I will finish be recasting one of the tenets of CRT into biblical terms. CRT holds that people, even people of good conscience and sincere motivation, can be racist in subtle ways that they might not realize or even intend. That sounds to me like a secular way of describing sin.
“For I do not understand my own actions. For I do not do what I want, but I do the very thing I hate. Now if I do what I do not want, I agree with the law, that it is good. So now it is no longer I who do it, but sin that dwells within me. For I know that nothing good dwells in me, that is, in my flesh. For I have the desire to do what is right, but not the ability to carry it out. For I do not do the good I want, but the evil I do not want is what I keep on doing.” Romans 7:15-19
We don’t have to buy into cultural Marxism to find some common ground in the concern for racial justice. If we don’t enter the conversation, though, if we don’t engage, if all we do is draw lines in the proverbial sand, we will find ourselves locked into our cloistered halls, having little effect in the world as people leave our churches who see the problem and want to be part of the solution.

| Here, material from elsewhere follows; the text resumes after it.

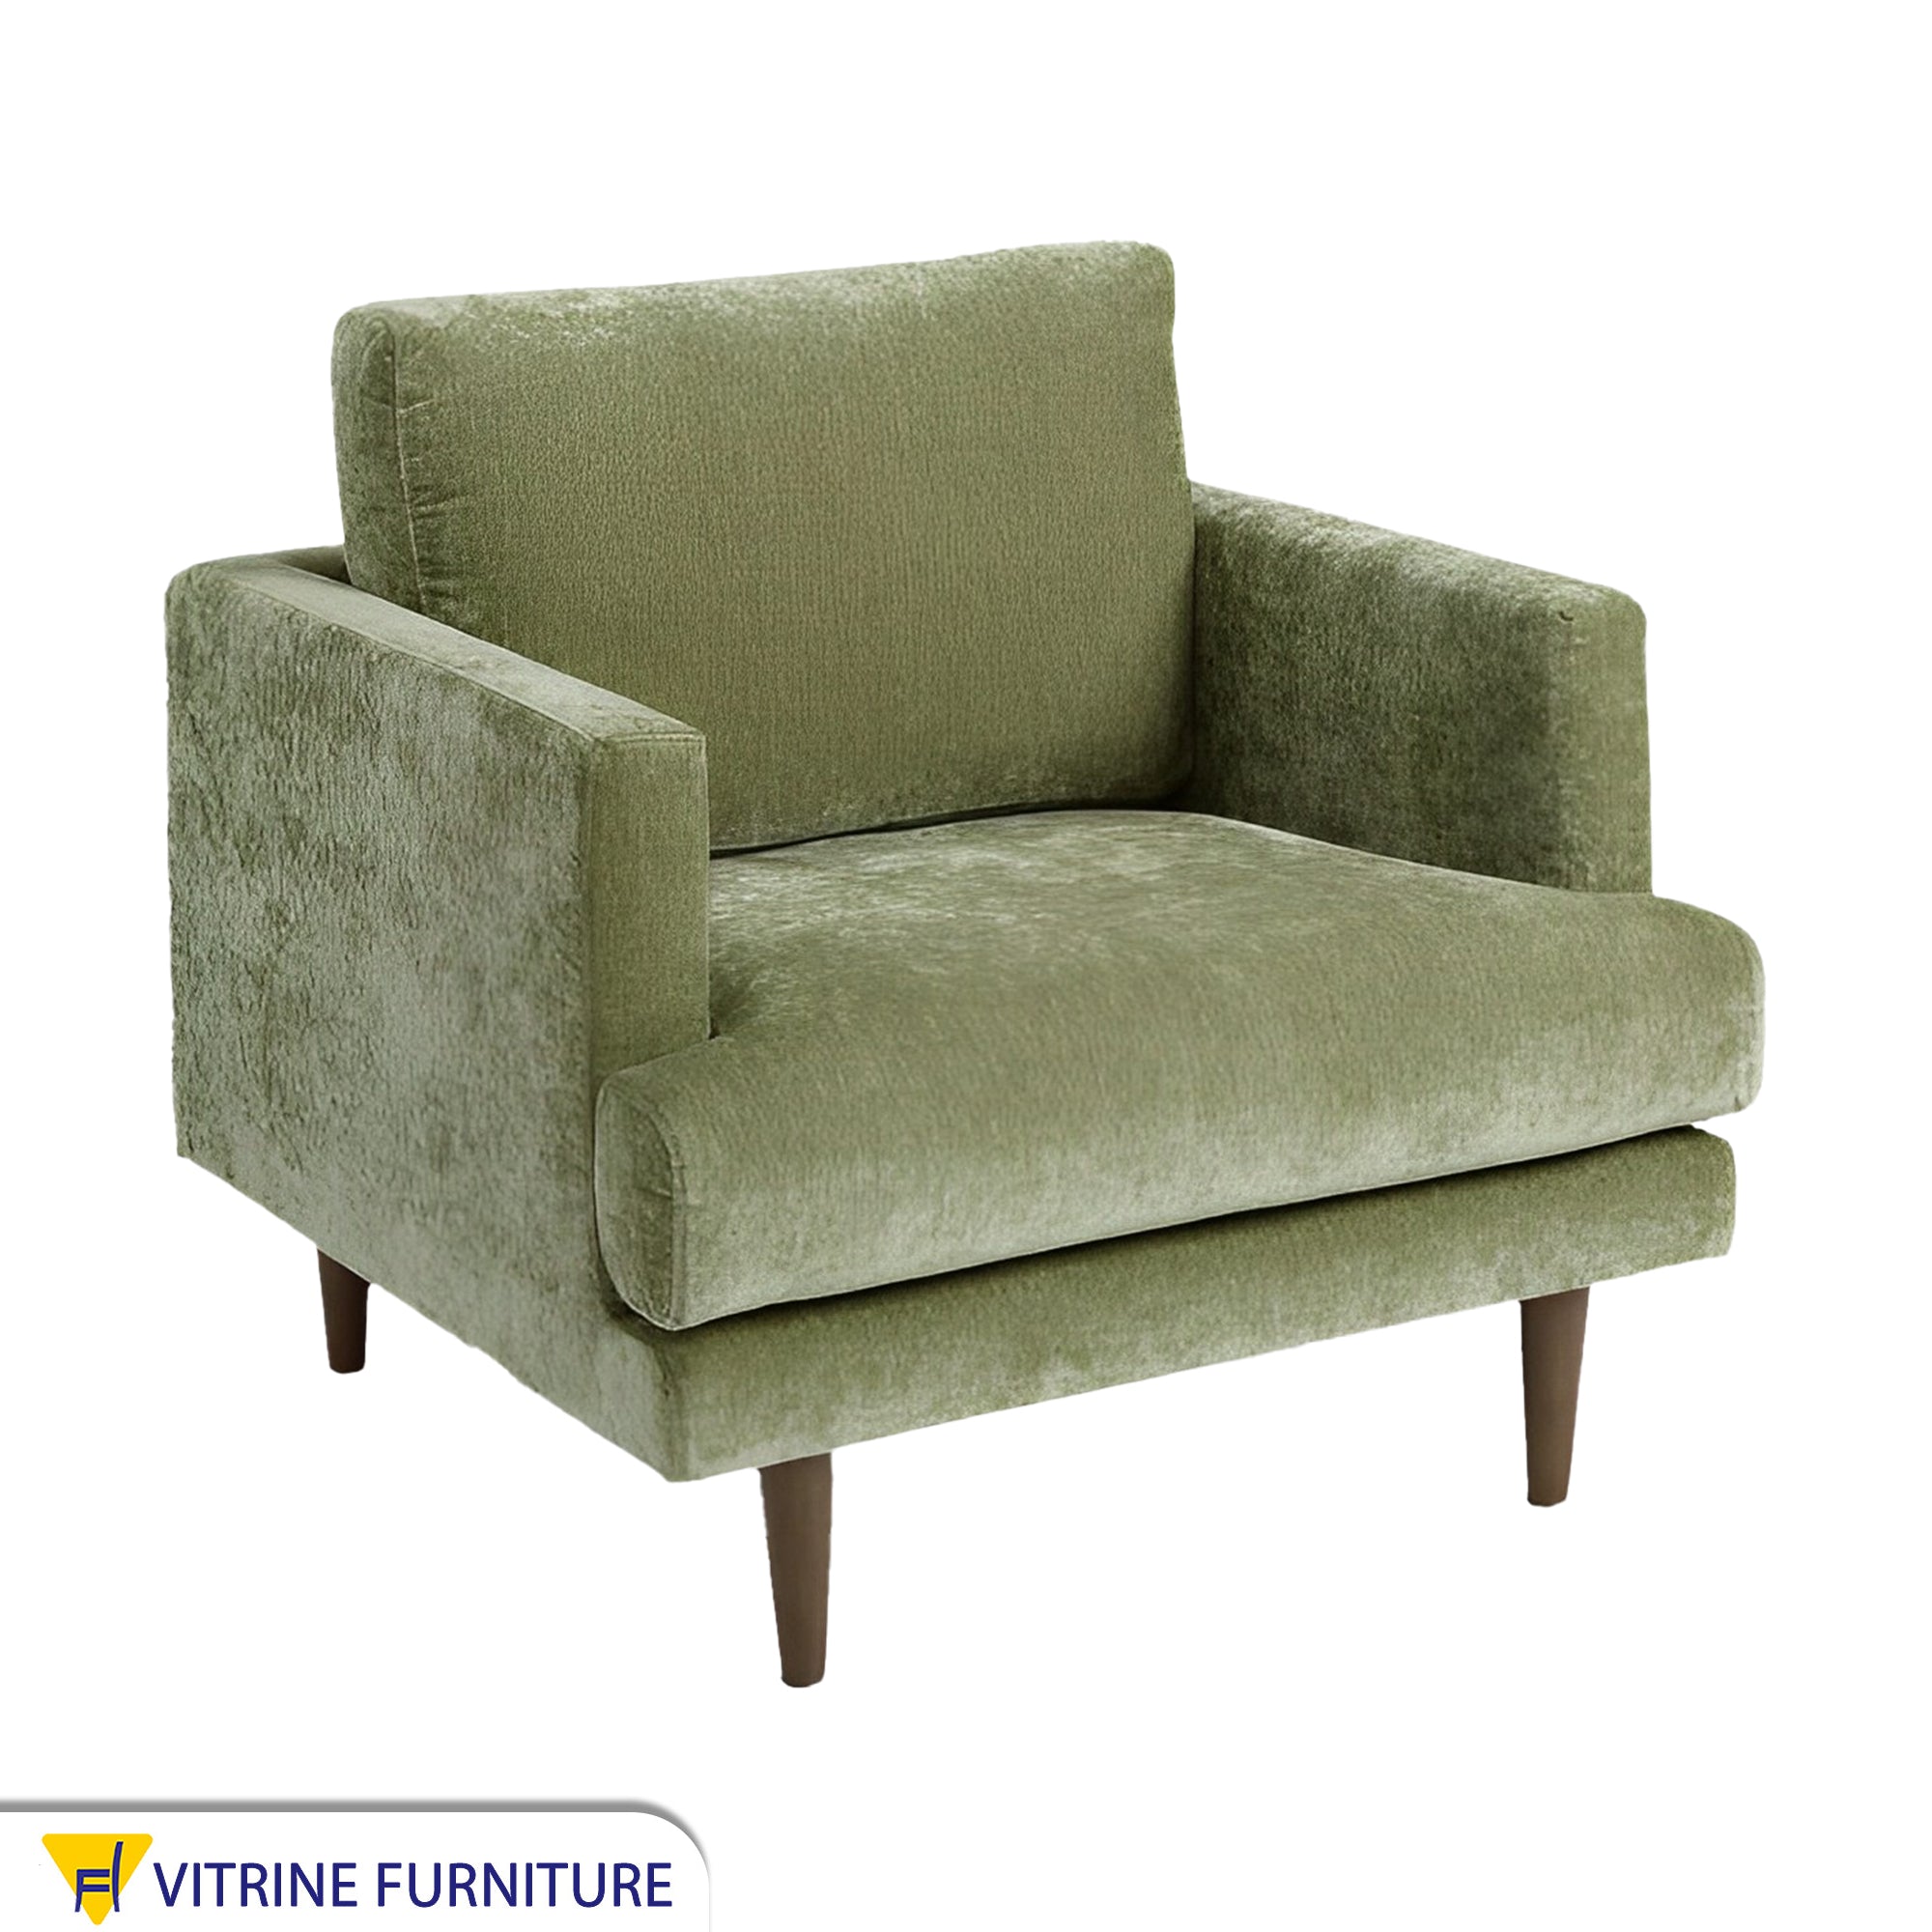 Modern olive green chair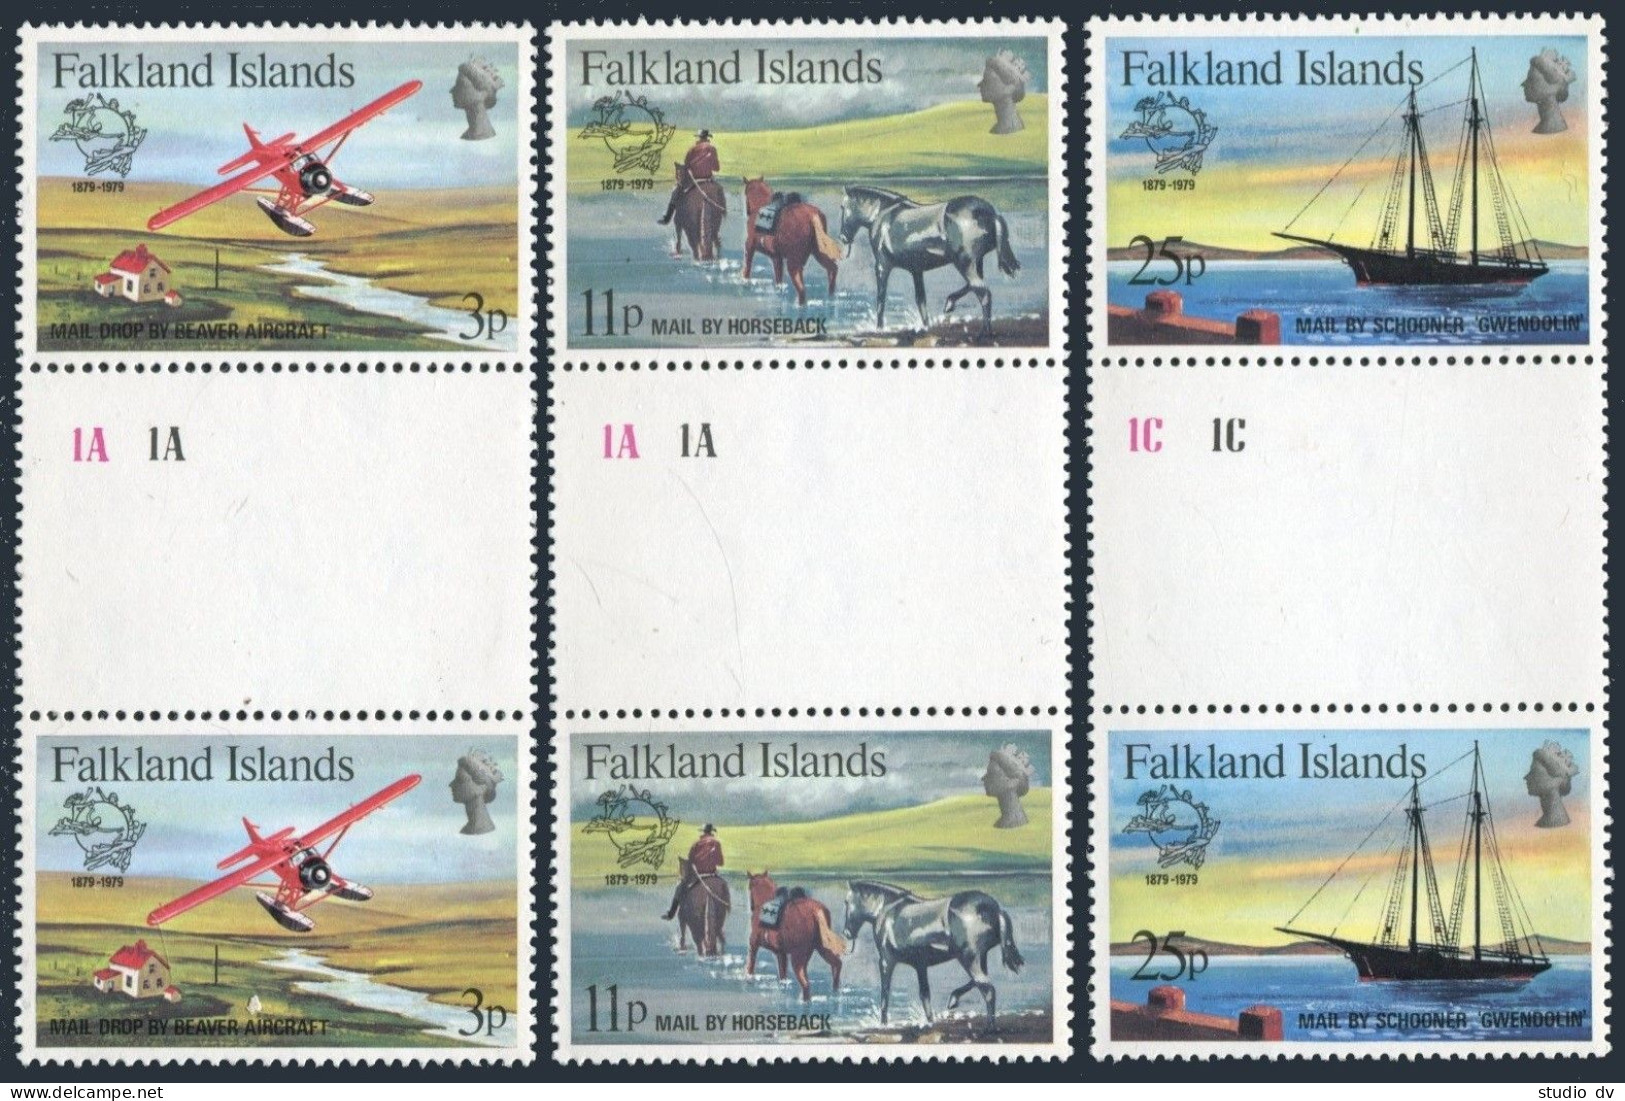 Falkland 295-297 Gutter, MNH. Michel 292-294. UPU Membership-100, 1979. - Falklandinseln

We have the ultimate solution! We can offer forgiveness of sins, good news to the poor, freedom to the captives, sight to the blind, and relief to the oppressed. But the world will never see it if we don’t stand up with the Gospel to show the way to the cross in the racial arena.
Perhaps, CRT isn’t the enemy. Perhaps, we are our own enemies on this issue. And even if we have some enemies in this discussion, we are called to love our enemies. Christ died for them too, and His ultimate purpose is to redeem them.